Air traffic controllers will strike for Christmas if Enaire does not cease forced retirements

The air sector expects a recovery for this winter season, which runs from November to March, with almost 2% more scheduled flights (a total of 672,000) than in the same period of 2019.

According to Javier Gándara, president of the Airline Association (ALA), which brings together more than 60 companies, this "is very good news". But they are not without problems.

The sector's employers warned of possible congestion of airspace and passport controls with the opening of borders and the reactivation of travel from third countries.

To this is now added a new threat. The national spokesperson for the Union of Air Traffic Controllers (USCA), Susana Romero, denounced that the collective is going through a "surreal and grotesque" situation that is "so serious" as to consider the strike, Expansión reports.

Despite this, Romero acknowledged that they want to reach an agreement with Enaire (the air navigation manager of Spain), and avoid this scenario by the "unpopularity" of the measure and the consequences it entails for users and workers.

November 19 is the union's deadline for Enaire to rectify, although the USCA threatens to carry out union measures that could affect air traffic at the gates of Christmas if they do not reach an agreement.

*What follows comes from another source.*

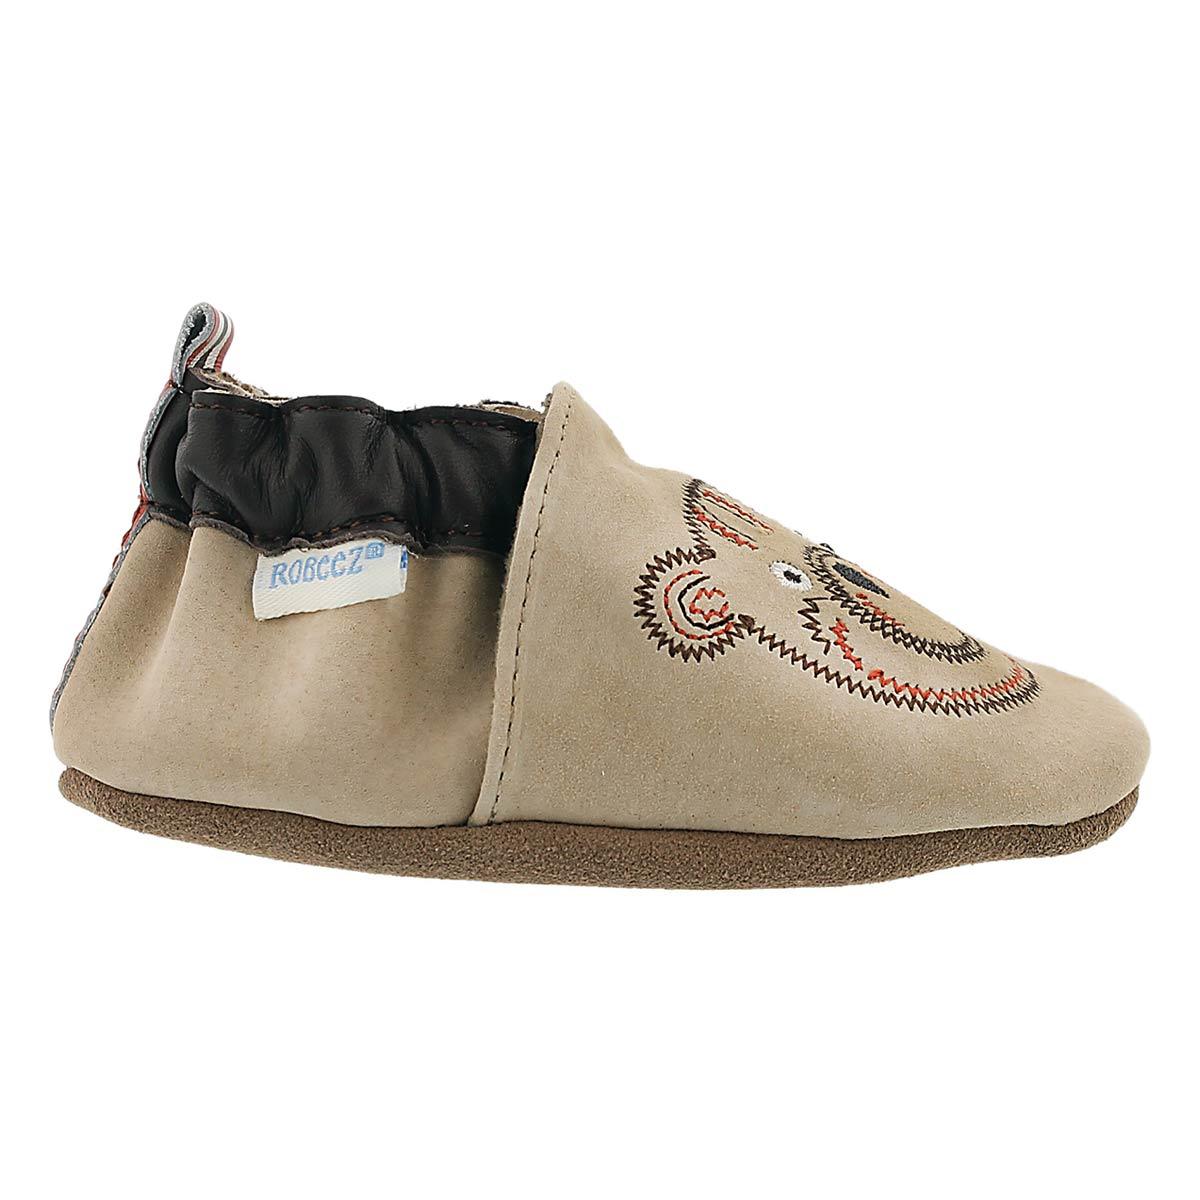 Inf Mr.Bear houndawg soft sole slipper

As the same newspaper recalls, the conflict between the two entities dates back to August 7, when the company informed a number of employees of the processing of their forced retirement.

The company justified this decision in Law 9/2010, a reform that was drafted after the crisis of air traffic controllers in 2010 and that fixed without exceptions the maximum age of employees in the workforce at 65 years.

Since then, the minimum age for retirement had been raised to 67, but the 2010 text had not been amended.

This has led Enaire to terminate the contract for all workers over the age of 65, although many do not add up to the minimum contribution years to receive their pension.

The measure has fully affected 17 workers who have been left without pension and without any type of unemployment benefit, since the SEPE does not recognize Enaire's actions as layoffs.